Monitoring alarms

StorageGRID alarms help you evaluate and quickly resolve trouble spots that sometimes occur during normal operation. Alarms can be triggered if attributes meet certain conditions or exceed configured thresholds.

Alarm severity levels

Alarms are organized into a hierarchy of five severity levels from Normal (no alarm or notification) to Critical. The two service state notifications indicate when a node becomes disconnected from the grid.

Icon Node state Alarm severity Meaning
green checkmark icon Connected Normal The node is functioning normally. It is connected to the grid and there are no alarms.
yellow square icon Connected Notice The node is connected to the grid, but an unusual condition exists that does not affect normal operations.
light orange diamond icon Connected Minor The node is connected to the grid, but an abnormal condition exists that could affect operation in the future. You should investigate to prevent escalation.
dark orange diamond icon Connected Major The node is connected to the grid, but an abnormal condition exists that currently affects operation.
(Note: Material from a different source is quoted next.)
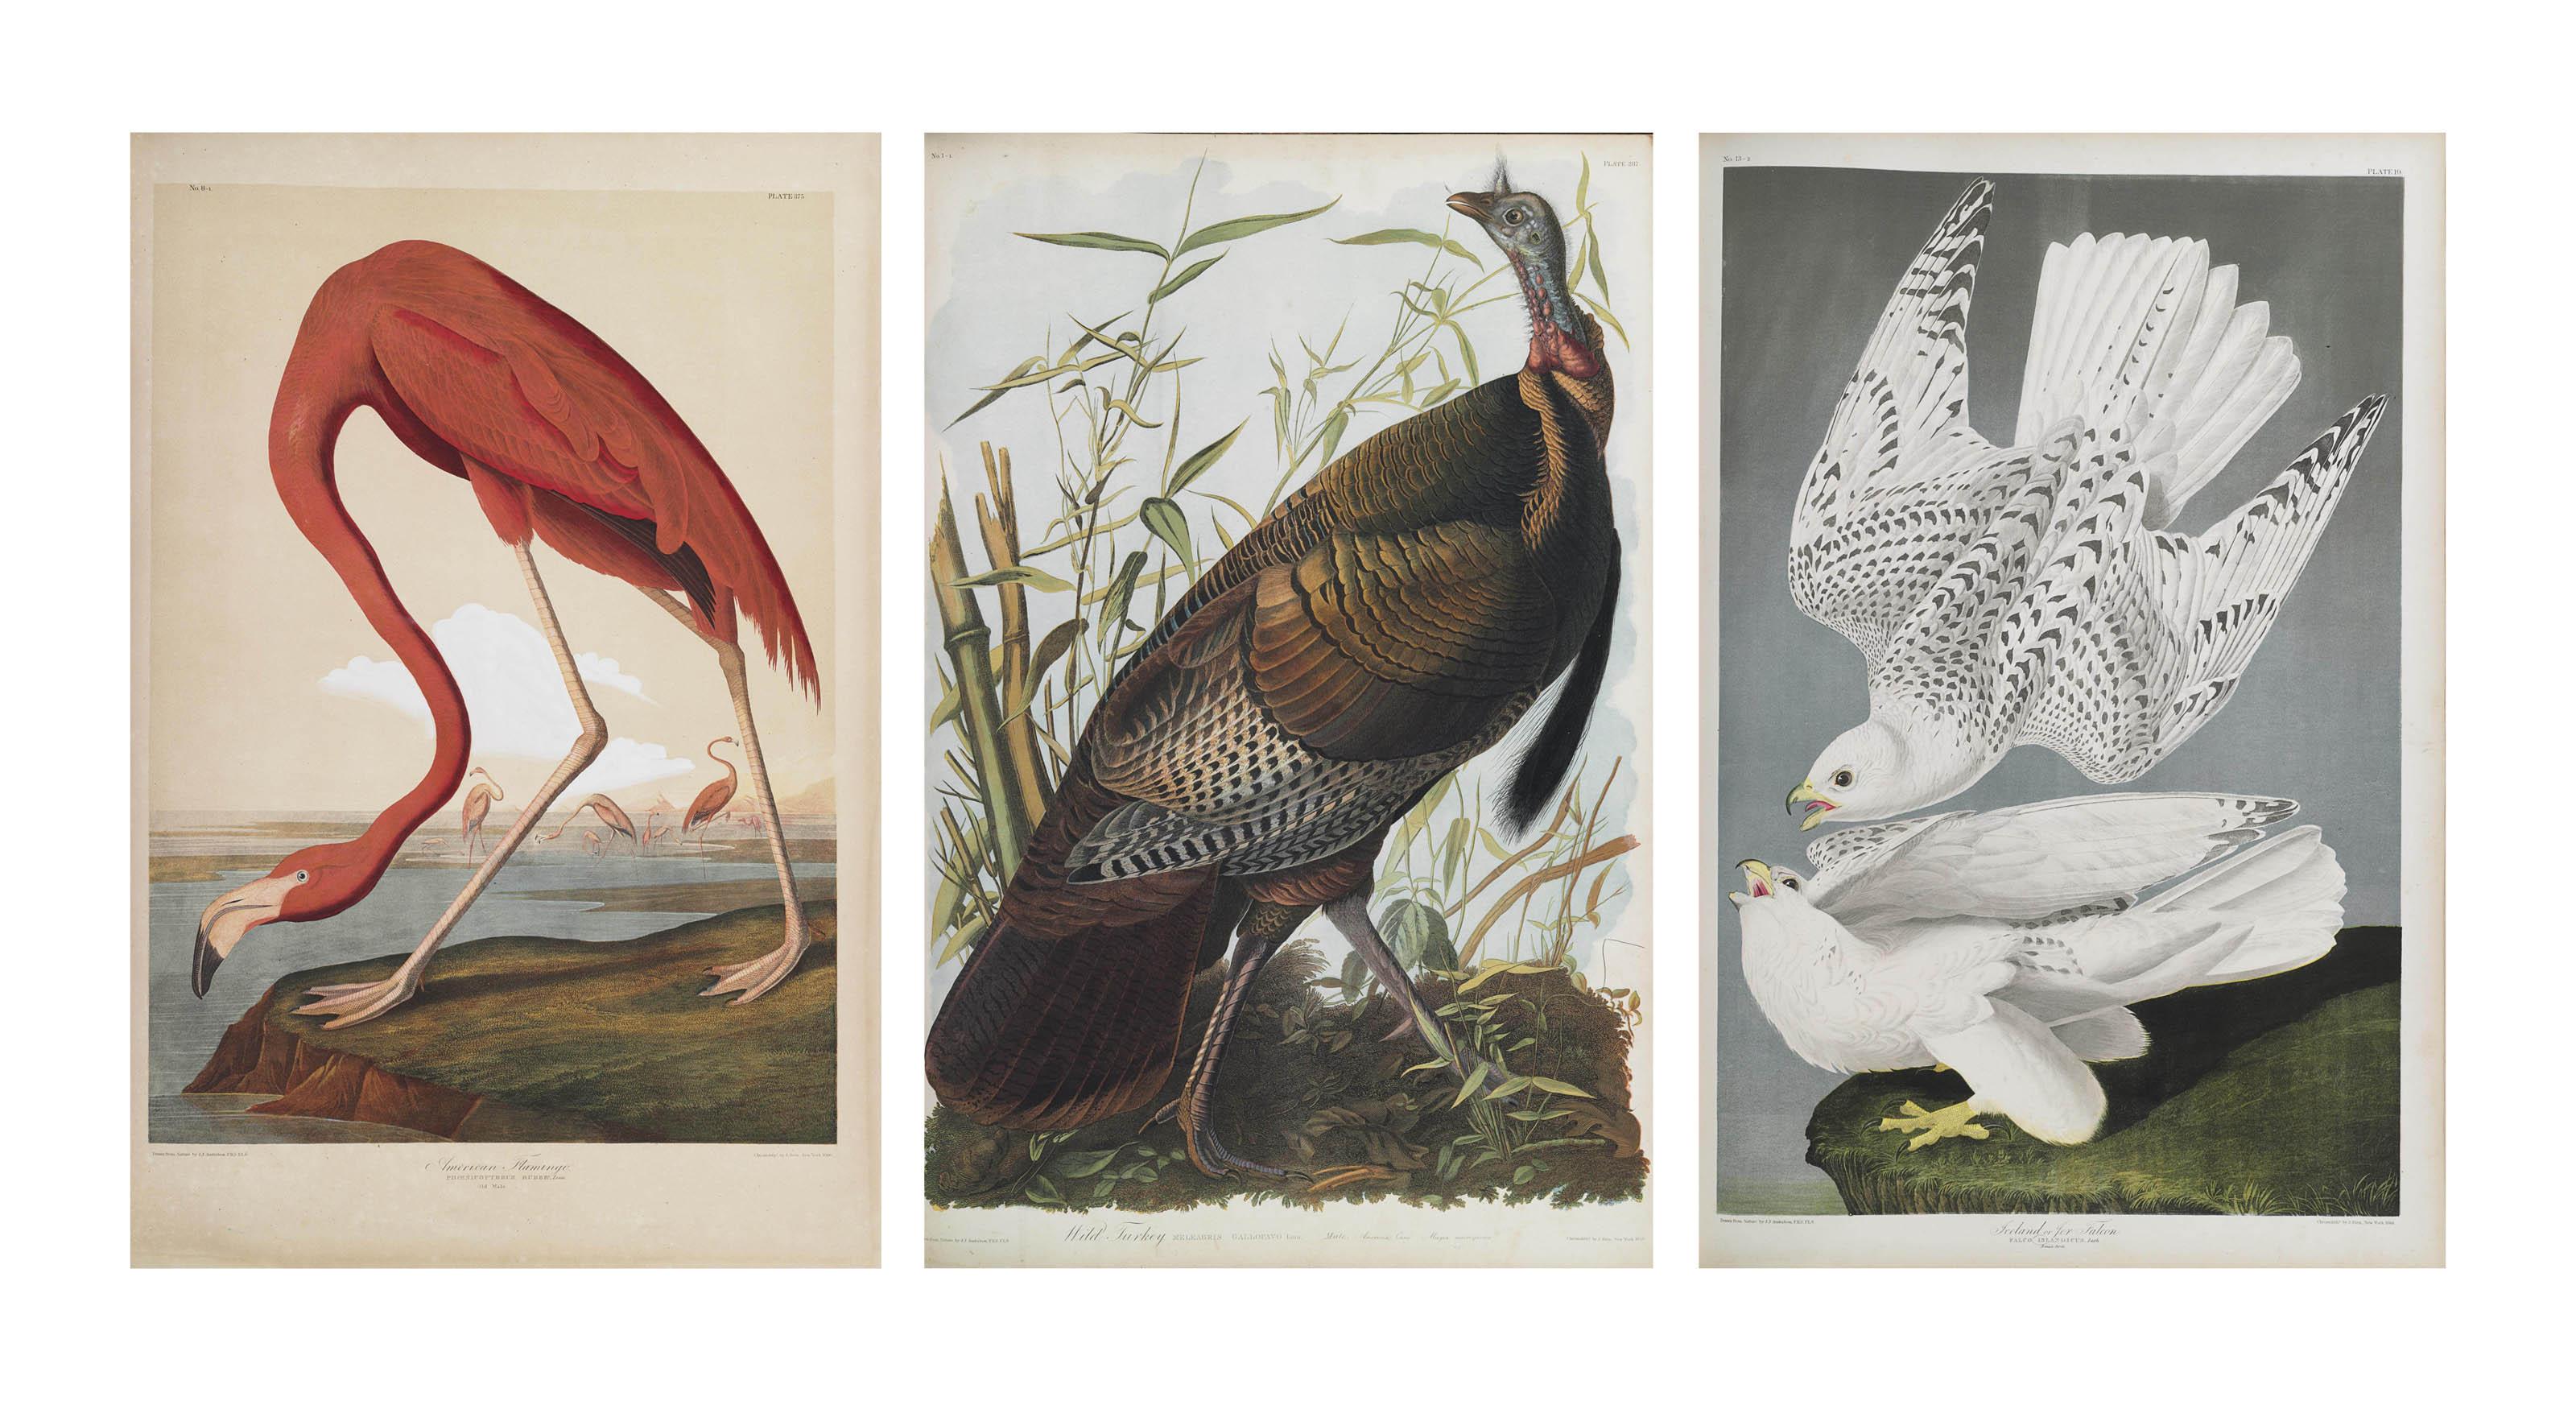 AUDUBON, John James (1785-1851). The Birds of America, from Original Drawings by John James Audubon... Reissued by J[ohn] W[oodhouse] Audubon. New York: Roe Lockwood & Son, 1860.

This requires prompt attention to prevent escalation.
red x icon Connected Critical The node is connected to the grid, but an abnormal condition exists that has stopped normal operations. You should address the issue immediately.
gray questionmark icon Disconnected Administratively Down The node is not connected to the grid for an expected reason. For example, the node, or services on the node, has been gracefully shut down, the node is rebooting, or the software is being upgraded.
blue question mark icon Disconnected Unknown The node is not connected to the grid. This situation requires immediate attentionFor example, the network connection between nodes has been lost or the power is down. This is the most severe condition.
Note: You might see transient blue nodes during managed shutdown operations. You can ignore these alarms.

Alarm classes

There are three classes of alarms:
  • Default alarms are the alarms provided with each StorageGRID system. Each default alarm tracks the value of a specific attribute. For example, the AMQS (Audit Messages Queued) Default alarm tracks the count of messages in the audit message queue at any given time. This alarm is triggered at different severities when the number of queued messages reaches certain threshold values.

    Default Alarms

    Default alarms cannot be modified. However, you can disable Default alarms or override them by defining Global Custom alarms or Custom alarms.

  • Global Custom alarms monitor the status of all services of a given type in the StorageGRID system. You can create a Global Custom alarm to override a Default alarm system-wide. You can also create a new Global Custom alarm that will monitor status system-wide. This can be useful for monitoring any customized conditions of your StorageGRID system.
  • Custom alarms monitor the status of a single service or component. You can create a Custom alarm to override a Default alarm or Global Custom alarm at the service or component level. You can also create new Custom alarms based on the service’s unique requirements.

Alarm notifications

When an alarm is triggered or a service state change occurs, an email notification lets the designated personnel know that the system requires attention. A notification is also sent when the alarm leaves the alarm level — either by being resolved or by entering a different alarm severity level.